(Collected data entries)
+ + + + + + +

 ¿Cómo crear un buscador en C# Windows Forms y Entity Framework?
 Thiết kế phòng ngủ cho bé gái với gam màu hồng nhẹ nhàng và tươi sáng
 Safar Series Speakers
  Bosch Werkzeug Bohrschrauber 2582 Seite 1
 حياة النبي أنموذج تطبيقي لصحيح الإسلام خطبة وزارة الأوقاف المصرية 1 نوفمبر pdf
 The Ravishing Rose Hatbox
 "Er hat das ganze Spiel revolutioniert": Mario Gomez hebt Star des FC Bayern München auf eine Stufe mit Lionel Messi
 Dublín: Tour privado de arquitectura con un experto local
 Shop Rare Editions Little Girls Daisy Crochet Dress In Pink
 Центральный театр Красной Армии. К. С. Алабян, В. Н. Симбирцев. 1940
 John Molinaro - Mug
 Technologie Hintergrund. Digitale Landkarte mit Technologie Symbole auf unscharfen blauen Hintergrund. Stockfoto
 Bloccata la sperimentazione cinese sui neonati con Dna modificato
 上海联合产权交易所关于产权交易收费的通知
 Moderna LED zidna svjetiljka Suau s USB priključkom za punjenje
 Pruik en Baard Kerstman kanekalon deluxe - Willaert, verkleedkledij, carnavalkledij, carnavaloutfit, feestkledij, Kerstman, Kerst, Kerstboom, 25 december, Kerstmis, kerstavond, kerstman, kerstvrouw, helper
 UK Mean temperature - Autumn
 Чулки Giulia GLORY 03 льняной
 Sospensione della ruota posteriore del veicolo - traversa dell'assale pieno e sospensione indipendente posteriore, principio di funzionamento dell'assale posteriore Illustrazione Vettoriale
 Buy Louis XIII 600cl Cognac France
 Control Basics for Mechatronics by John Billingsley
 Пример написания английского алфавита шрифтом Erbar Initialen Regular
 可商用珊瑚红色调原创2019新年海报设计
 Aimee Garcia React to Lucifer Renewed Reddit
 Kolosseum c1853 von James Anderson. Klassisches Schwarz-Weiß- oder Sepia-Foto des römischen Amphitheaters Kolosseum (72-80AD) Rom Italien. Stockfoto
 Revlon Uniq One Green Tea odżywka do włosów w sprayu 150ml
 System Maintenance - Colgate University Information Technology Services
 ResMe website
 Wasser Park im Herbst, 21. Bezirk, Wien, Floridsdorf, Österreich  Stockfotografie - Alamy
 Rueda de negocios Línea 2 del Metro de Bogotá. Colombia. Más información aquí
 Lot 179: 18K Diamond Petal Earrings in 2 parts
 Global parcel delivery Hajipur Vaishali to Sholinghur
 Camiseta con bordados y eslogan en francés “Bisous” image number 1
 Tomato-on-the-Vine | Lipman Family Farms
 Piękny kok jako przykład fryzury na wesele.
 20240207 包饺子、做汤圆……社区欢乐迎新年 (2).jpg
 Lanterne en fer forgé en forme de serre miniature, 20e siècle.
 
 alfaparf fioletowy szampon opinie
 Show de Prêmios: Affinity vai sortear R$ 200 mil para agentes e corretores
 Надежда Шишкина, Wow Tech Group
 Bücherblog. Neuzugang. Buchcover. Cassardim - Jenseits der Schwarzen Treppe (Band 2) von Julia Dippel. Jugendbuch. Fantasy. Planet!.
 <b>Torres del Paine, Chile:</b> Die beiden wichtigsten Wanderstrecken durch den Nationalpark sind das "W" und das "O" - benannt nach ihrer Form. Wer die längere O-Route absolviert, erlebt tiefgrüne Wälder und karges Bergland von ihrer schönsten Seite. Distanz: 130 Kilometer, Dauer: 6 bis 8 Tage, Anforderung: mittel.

+ + + + + + +

▶ **Exercise instructions**:
After locating the line holding "20240207 包饺子、做汤圆……社区欢乐迎新年 (2).jpg" above, output exactly that line and every line after it through the line holding "Bücherblog. Neuzugang. Buchcover.". Include nothing else.

▶ **Response**:
 20240207 包饺子、做汤圆……社区欢乐迎新年 (2).jpg
 Lanterne en fer forgé en forme de serre miniature, 20e siècle.
 
 alfaparf fioletowy szampon opinie
 Show de Prêmios: Affinity vai sortear R$ 200 mil para agentes e corretores
 Надежда Шишкина, Wow Tech Group
 Bücherblog. Neuzugang. Buchcover. Cassardim - Jenseits der Schwarzen Treppe (Band 2) von Julia Dippel. Jugendbuch. Fantasy. Planet!.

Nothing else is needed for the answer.